What is surprising to me but I can't tell whether this is normal or not, is at the time the SST finished succesfully and InnoDB restarted, some transactions in InnoDB seem to be marked as non-prepared and were rolled back. Since rsync performs a full database sync, it looks to me that those were the missing transaction that prevent the next write-set to be committed.

I'm attaching the logs from the 3 controllers with obfuscated hostname in it. I have also tried my best to annotate those logs to reconstruct the timeline of all the network disconnections and map names to internal galera id in 3 separate log files, in case it can be of any use.

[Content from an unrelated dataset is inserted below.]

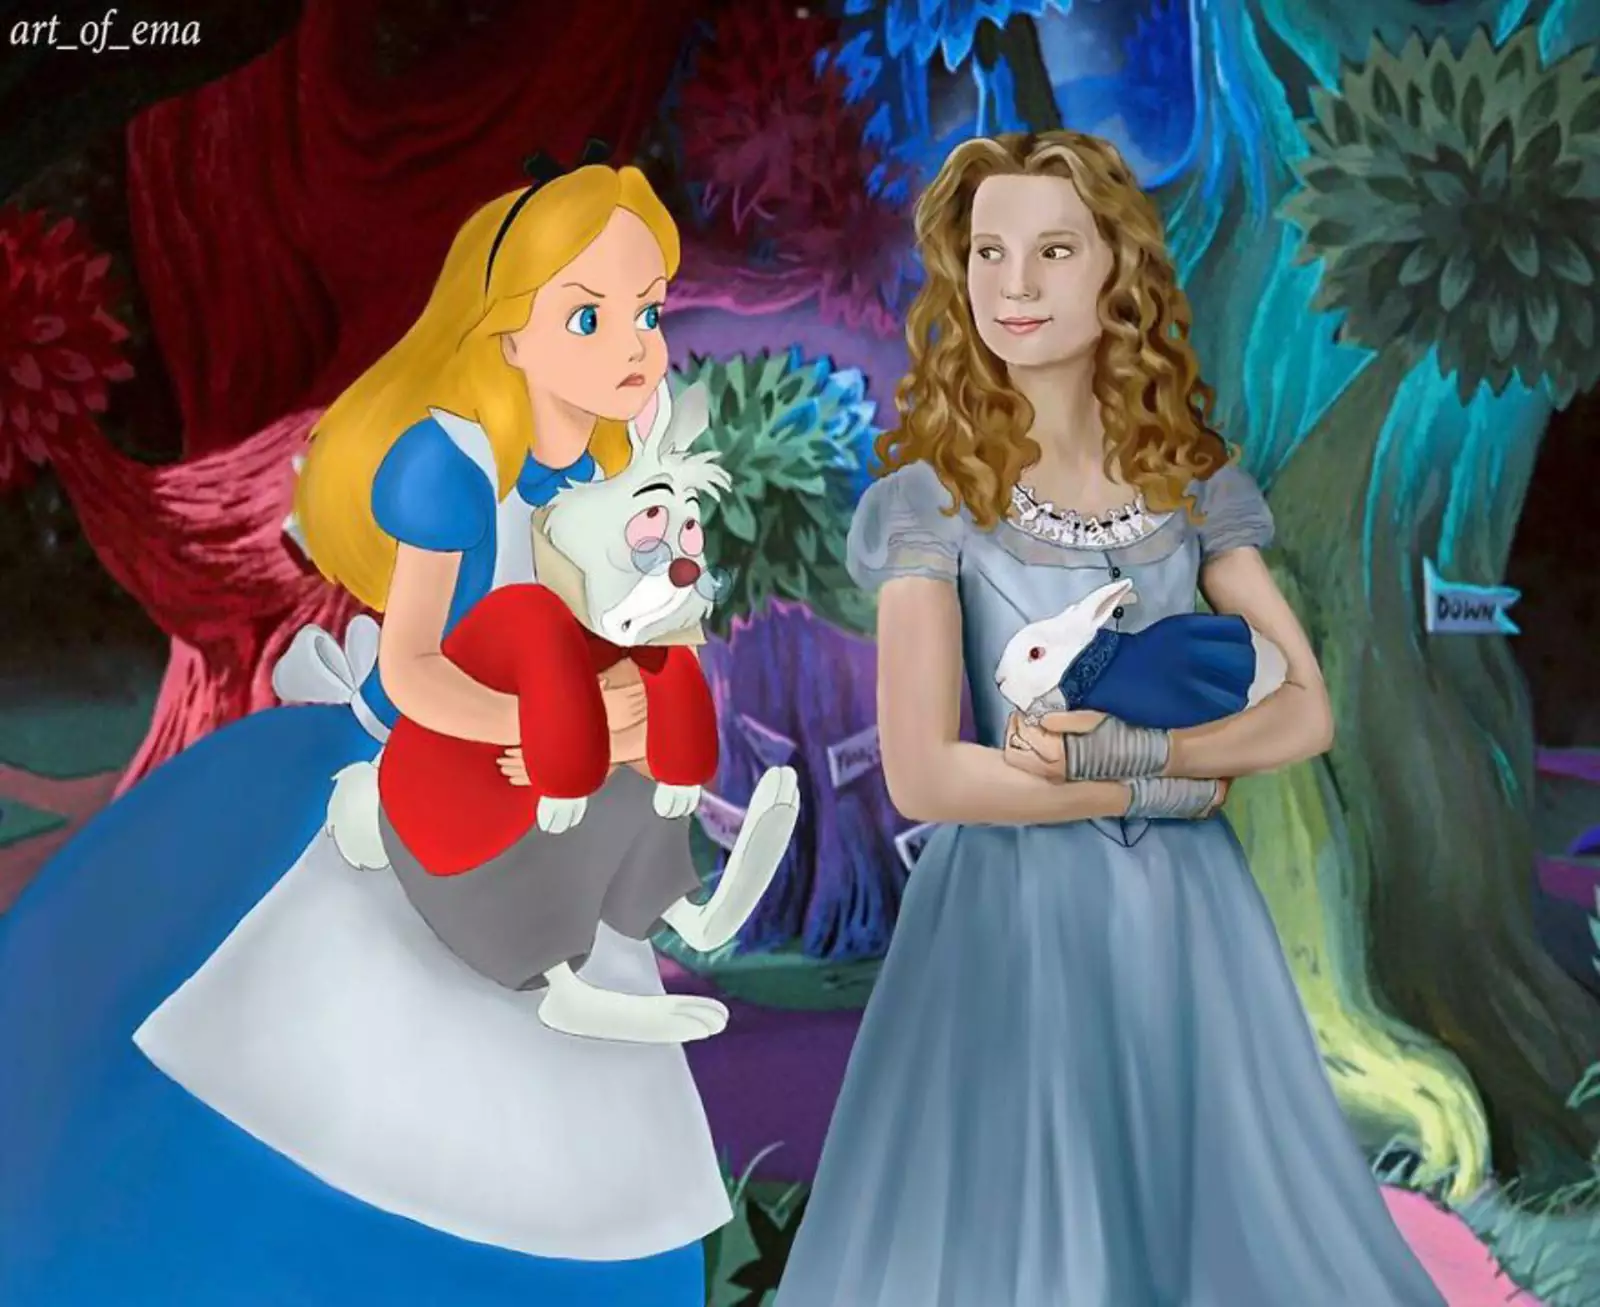 Принцесса чудес. Принцесса Алиса в стране чудес. Принцессы Дисней Алиса в стране чудес. Женские персонажи мультиков. Персонаж Диснея Алиса.

I'm also attaching the mysql config used for this cluster. These are using pretty much standard settings AFAICT, expect for the following settings innodb and gcache setting that may be out of the ordinary and were needed for sustaining the unpredictable load nature of this environment:

innodb_buffer_pool_size = 24576M
innodb_log_file_size = 1024M
wsrep_provider_options = gcache.size=5G;gcache.recover=no;gmcast.listen_addr=tcp://10.30.97.21:4567;

What is unclear to me is that by design, there's a step in the SST process which forces the DB to flush its table before rsync starts transferring data, so even if receiving unprepared transaction is something to be expected when the Donor was serving traffic, there should always be a IST next to catch up whatever data is not sync'd, but this isn't the case in those logs.

I'm out of ideas as to what might have caused this node inconsistency:

• pacemaker has bootstrapped ctrl2 which was the last node to be stopped.
• there was no network issue at the time of the SST.
• HAProxy likely stopped incoming SQL traffic after 2s since only one node was up and sync at the time the SST was initiated.

It all looks like the heavy load on the donor node somehow had an influenced on the SST and the joining process.

I could not find anything similar reported upstream, and I have also witnessed this same behaviour once on another environment, which a similar workload (thousands of Openstack orders for VM creation/deletion, resulting in unpredictable spikes of database traffic).

Have you already seen that behaviour in Galera? Is there a chance that this specific issue was fixed in a Jira already that I could have missed? It seems to me that it's a perfectly valid use case here. Assuming it is, could this issue be specific to rsync SST, or is it more likely to be a race condition in the SST mechanism itself (or even InnoDB, which seems less likely to me)?